Когда же они были прочтены все до одной, Соня начинала молиться от себя, своими словами: "Боже Милостивый! Царица Небесная! Владычица! Батюшка Отче Никола! Сотворите чудо, исцелите отроковицу Наталию!" — трепещущим голосом твердила она. Две небольшие девочки молились здесь в тишине угрюмого дортуара, а там, в маленькой лазаретной комнате, у белоснежной больничной койки несколько человек взрослых оспаривали у смерти юную, готовую вырваться из хрупкого тельца жизнь…
Доктор Николай Николаевич с отеческой заботой ухаживал за умирающей… Целые дни проводил он в приюте, собственноручно меняя лед на раскаленной от жара голове Наташи. Фаина Михайловна, Екатерина Ивановна и Павла Артемьевна, примирившиеся в душе с больною от сердца и простившие ей ее проступок, проводили поочередно длинные, бесконечные часы у одра Наташи.
А позднее вечером, перед ночью, когда надзирательницы и начальница уходили, чтобы пользоваться коротким ночным покоем, уезжал и уставший за день доктор, а сиделка-служанка дремала в кресле, прикрутив свет в лампе-ночнике, маленькая, горбатая фигурка калеки Елены Дмитриевны проскальзывала в приютский лазарет, склонялась над пылавшим личиком и, молитвенно сложив руки, шептала пересохшими от волнения губами:
— Боже мой! Ты любящий Отец сирот, Ты приказавший приводить к себе детей, Божественный Спаситель, сохрани нам и спаси эту девочку. Она рождена для беззаботного счастья… Она — красивое сочетание гармонии. Она — нежный Цветок, взлелеянный в теплице жизни. Спаси ее, господи! Одинокую, бедную сиротку! Помилуй, сохрани ее нам! Бедное дитя! Праздничный цветок, тянувшийся так беспечно к веселью и смеху. Ты сохранишь ее нам, Милосердный господь!

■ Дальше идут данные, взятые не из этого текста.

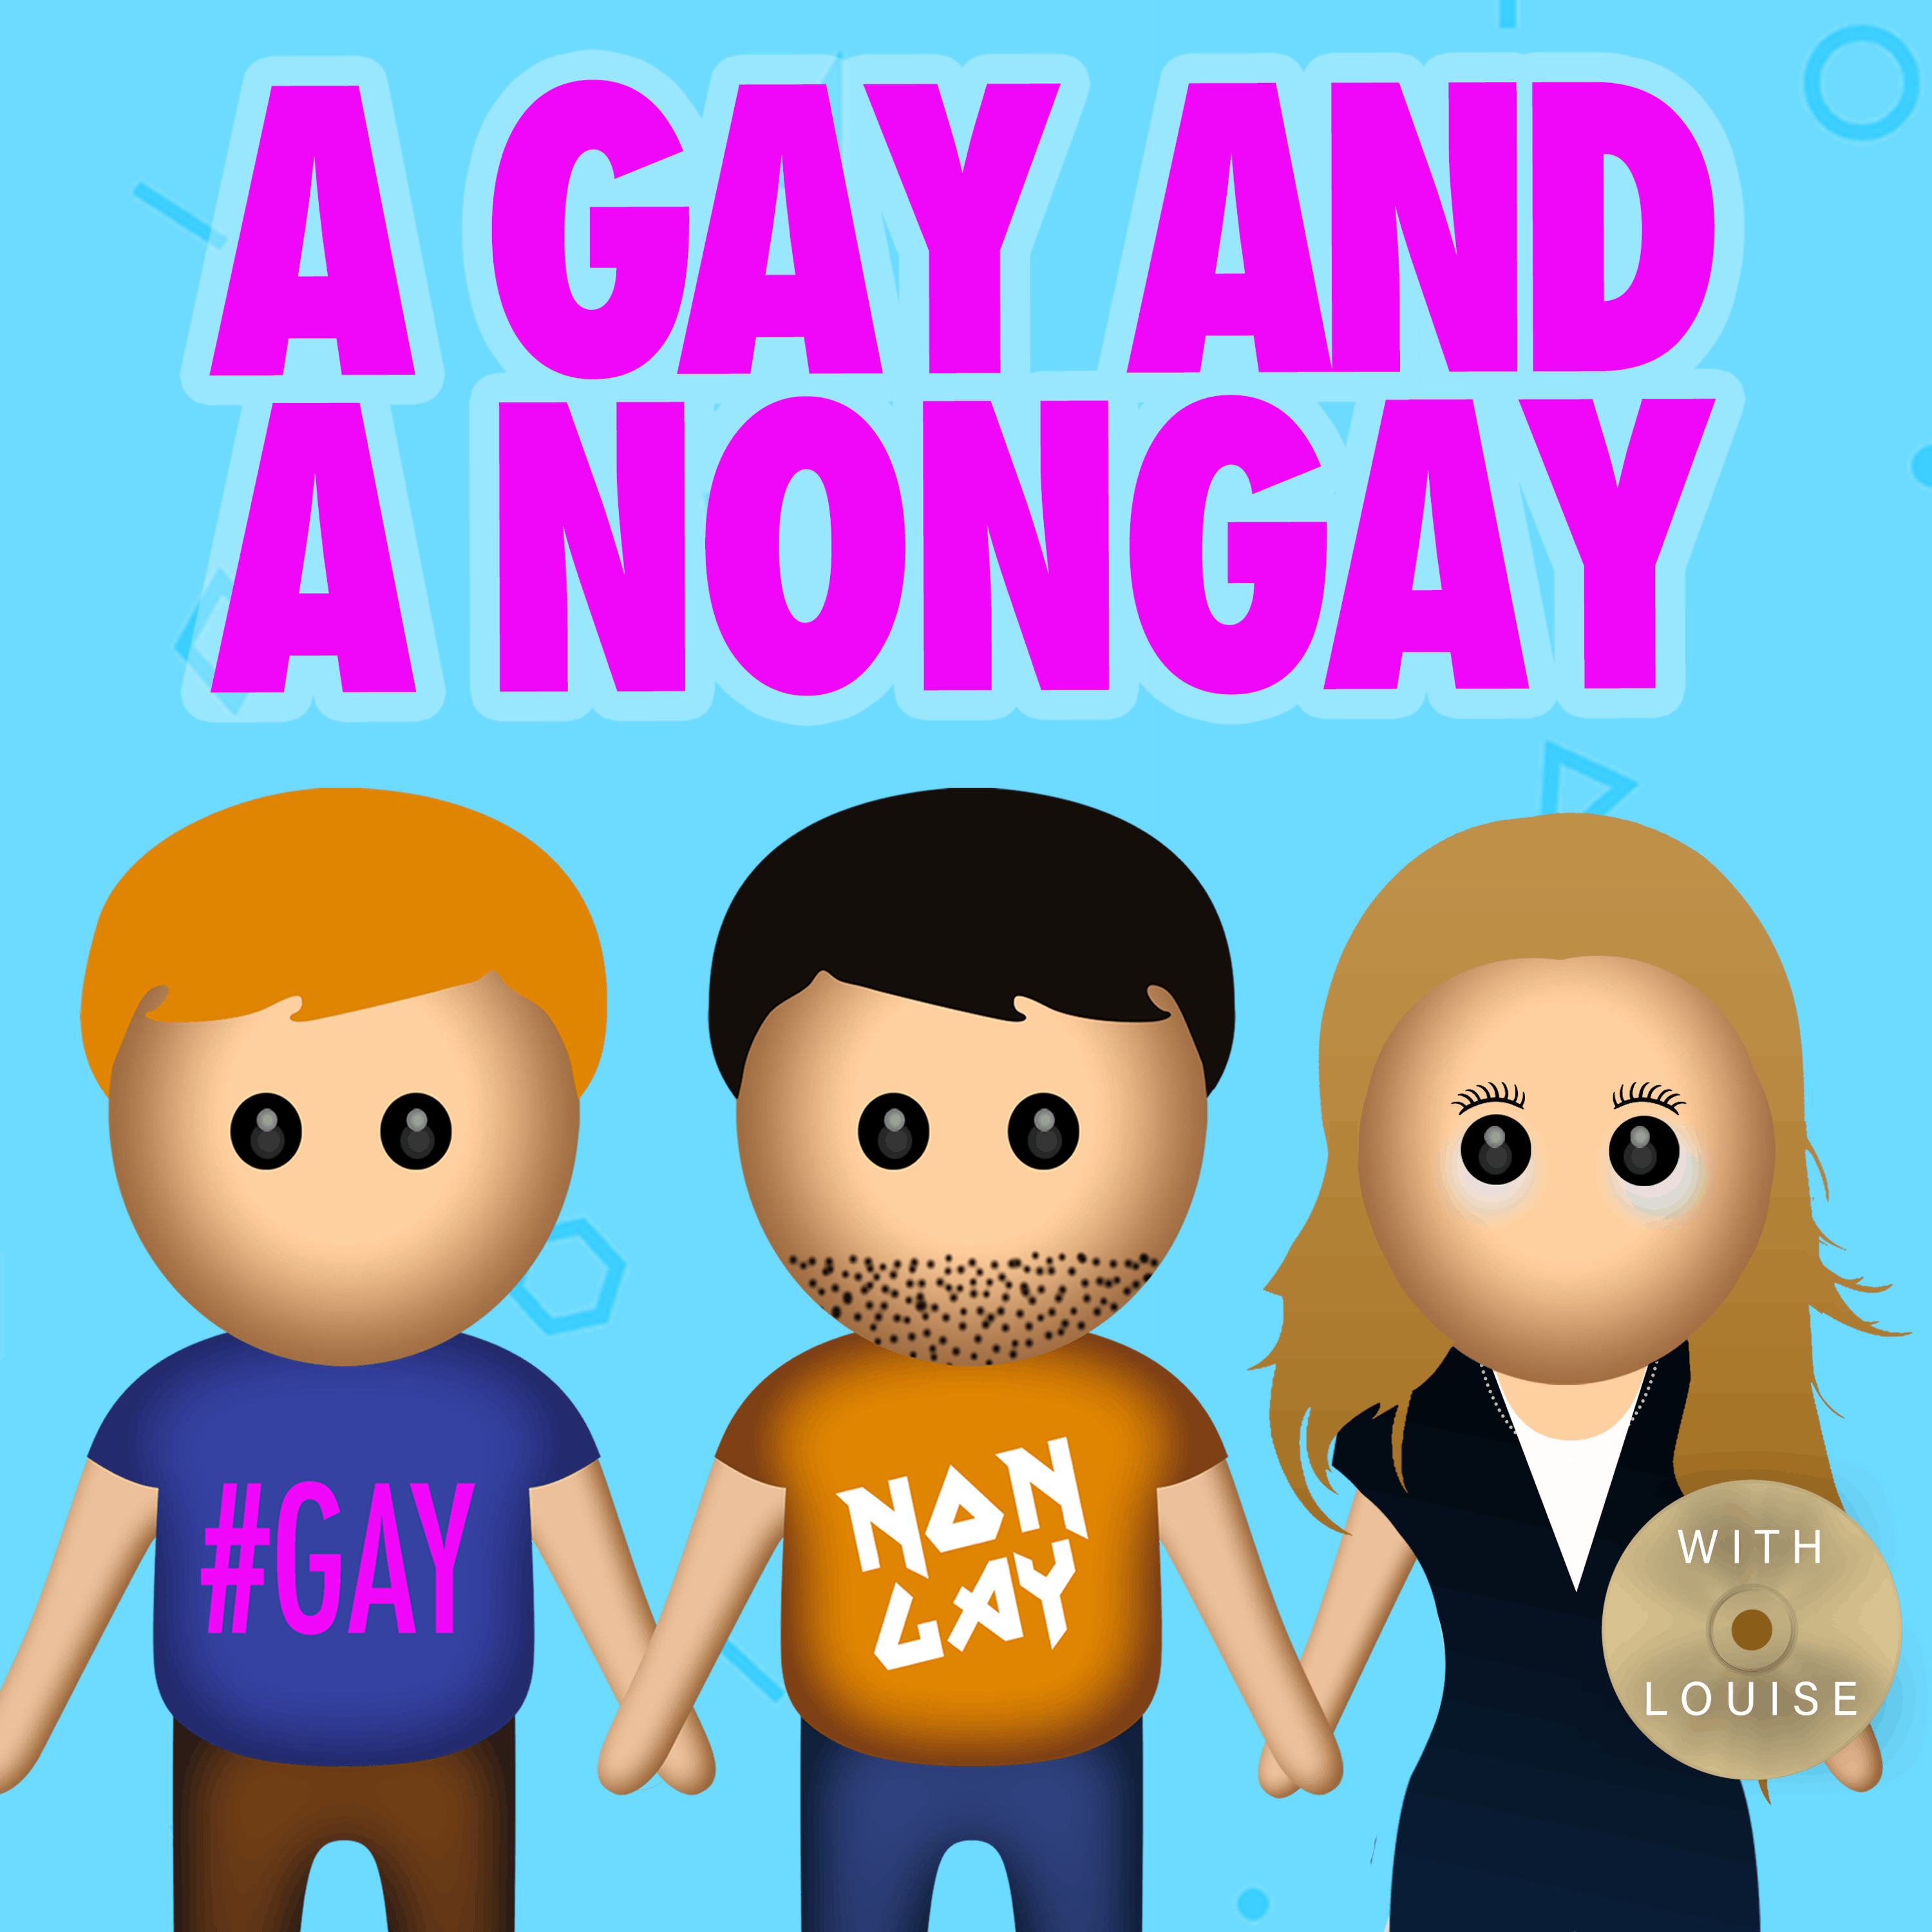 A Gay and a NonGay - with Louise!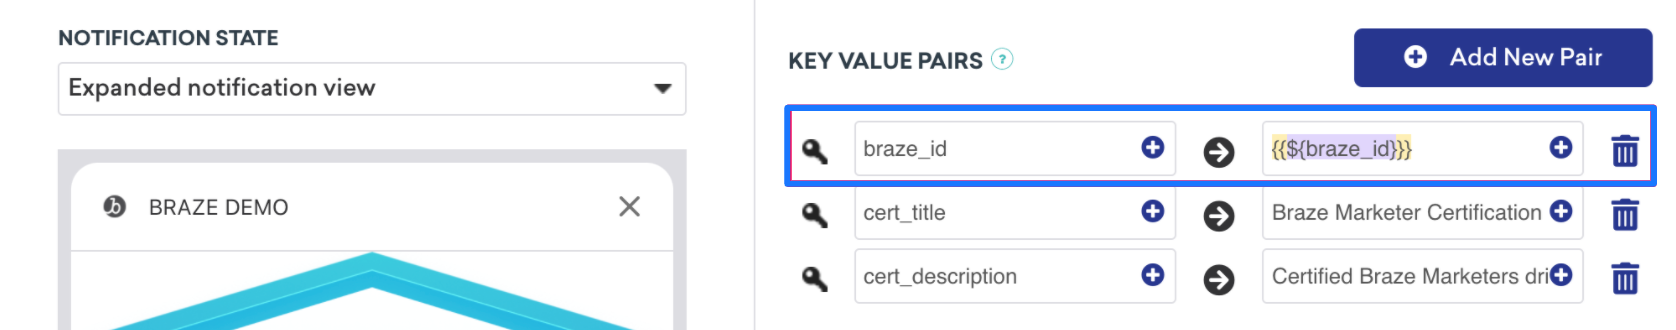 A push message with three sets of key-value pairs. 1. "Braze_id" set as a Liquid call to retrieve Braze ID. 2. "cert_title" set as "Braze Marketer Certificiation". 3. "Cert_decription" set as "Certified Braze marketers drive...".

Всю долгую ночь добрая тетя Леля ухаживала за больною, меняя лед на ее головке, вливая ей в запекшийся от жара ротик лекарство. А наутро с желтым осунувшимся лицом с синими кольцами вокруг глаз, но все такая же бодрая, сильная духом, жившим в этом худеньком теле, спешила она к своим маленьким стрижкам «пасти» свое "стадо милых ягняток", как говорила она в шутку, тянуть долгий, утомительный, полный хлопот и забот приютский день.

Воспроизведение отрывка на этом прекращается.